Time Share vendors
Local sales people will approach you and offer a free breakfast, free meal or some such deal in order to have you attend a time-share sales presentation. Time-shares are sold to tourists and offer a week at an existing condominium. Prices vary widely.
Unique Suggestions: If you are not interested in purchasing a time-share condominium, simply smile and say "no, gracias" and walk away. They generally won't bother you any more, they will look for the next tourist. They often are located in booths labeled "tourist information". Most speak English quite well. They receive a commission for each person they deliver to a sales presentation.

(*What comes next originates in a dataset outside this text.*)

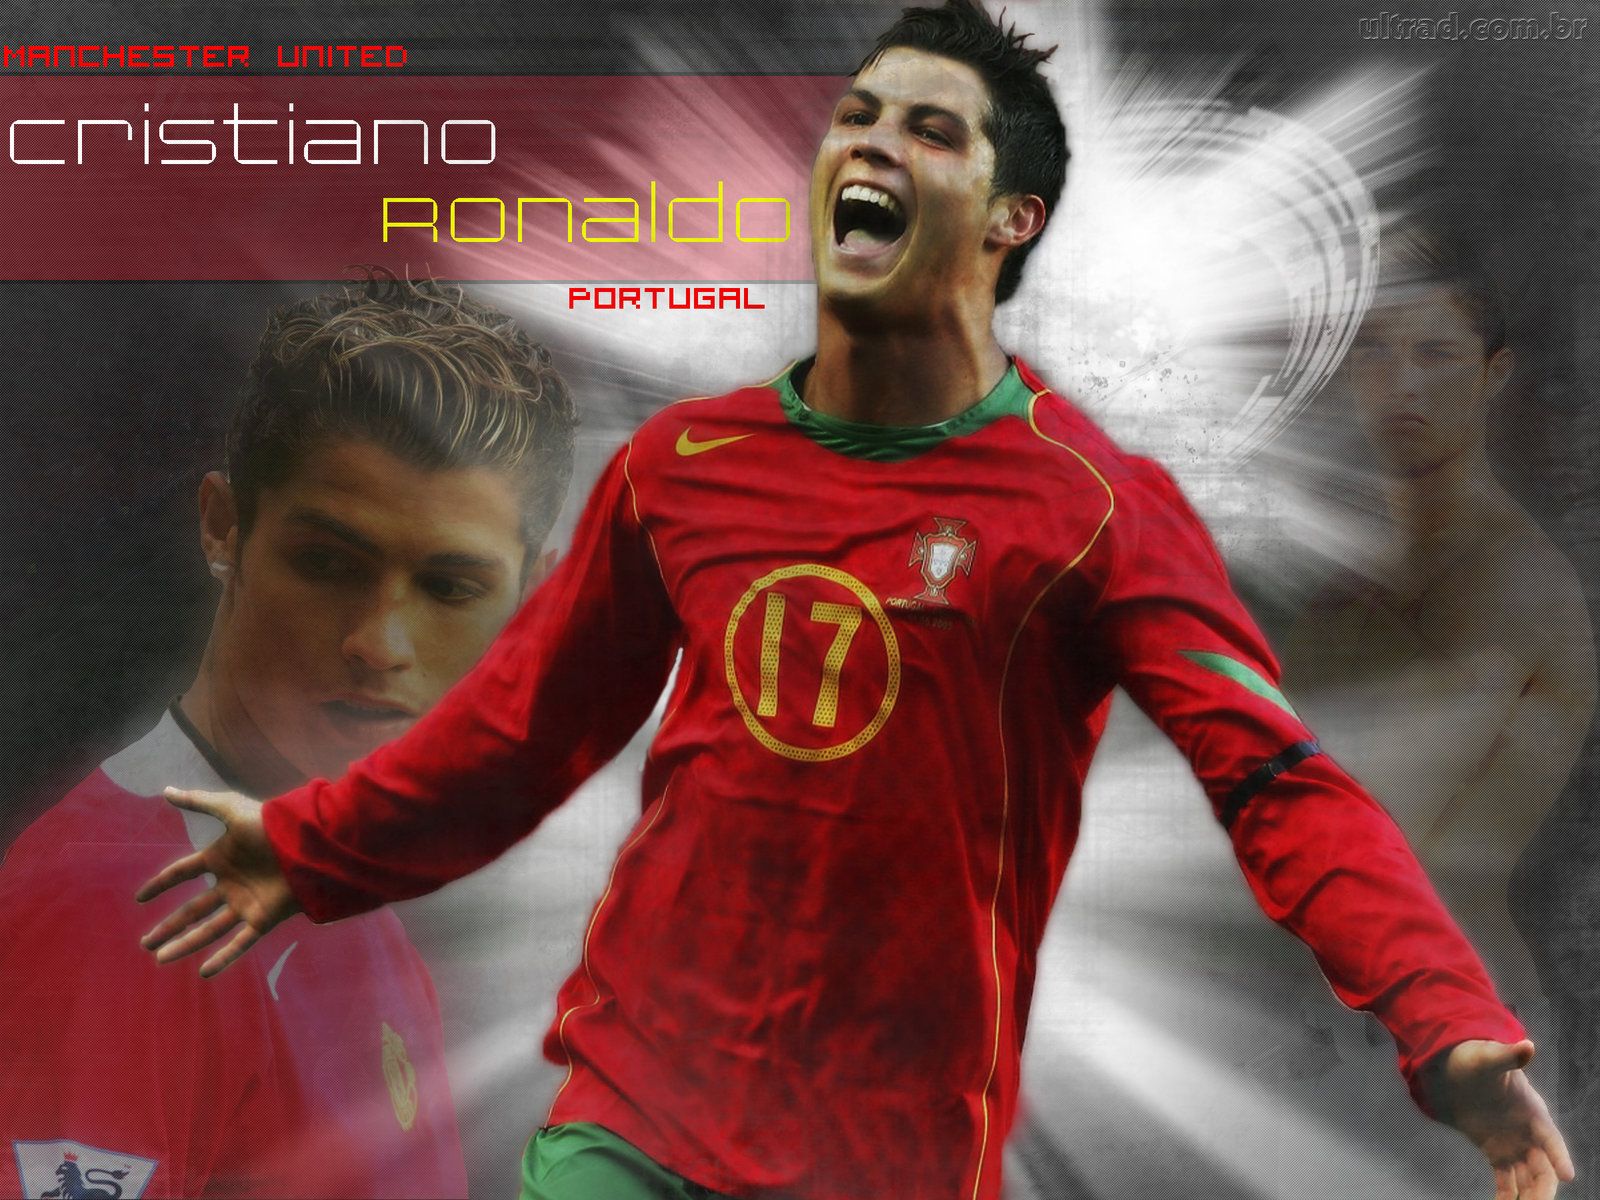 https://blogger.googleusercontent.com/img/b/R29vZ2xl/AVvXsEjNG2c6IpeXIgK3zQK5hJGuRfplXtK2N8y5wG5acj6JsfDPEn3BKqKoaLfWxXcUaUH8vOVqvHWrHbx1ze8apSVeA0OQ39eYrfCZ8L3PiaY11Detal2TsGqO2JvTjYuth3qaNNw5LPj4NwU/s1600/wallpaper+-+Cristiano+Ronaldo1.jpg

If you are interested in what they have to say, agree to attend a presentation. They will take your name and the name of the hotel in which you are staying. They will come and pick you up - if you don't show up, they don't get paid. You can usually negotiate more than a free breakfast - they will give you a gift-certificate at one of many fine restaurants (some good for $50 US). Be prepared to listen to a high-pressure US or Canadian salesperson for three to four hours. They insist on purchasing at the time of the presentation, and generally don't allow you to take the paperwork home to be examined by an attorney. They'll say the sale is for today only.
Fun Alternatives: If you want to avoid the time-share people, be polite but walk away. Remember, this is how they make their living. If you are truly interested in purchasing a time-share, remember that the 50% of the cost of one purchased that way goes to cover marketing. The salespeople have a pretty fair rate of concluding sales. Also, if you check out the internet, you will find people who are selling their time-share for 1/2 to 1/4 the price.
Beach vendors can be annoying - Ixtapa and the nearby town of Zihuatanejo have beach vendors. Their numbers are not like that in Cancun, Puerto Vallarta, Mazatlan or Acapulco.
Unique Suggestions: Generally, these hard-working people try and make a living to support their family by selling goods along the beach. If you don't wish to be bothered, avoid making eye-contact. If you are approached by a vendor, if you are not interested in what they are saying, simply smile and say "no, gracias" and they will leave. Vendors are generally polite and gracious.
Fun Alternatives: Actually, don't be too quick to rule out some purchases. Generally, the vendors charge a bit more than from the various shops that are nearby, but the vendors are convenient. They sell hats, beach towels, t-shirts, blankets, rugs, etc. It is okay to buy food products from the vendors (like peanuts). For silver, you can negotiate fair prices for silver items, silver is plentiful there and is mined nearby. However, your best bet for silver is in local shops where they sell silver jewelery by the ounce.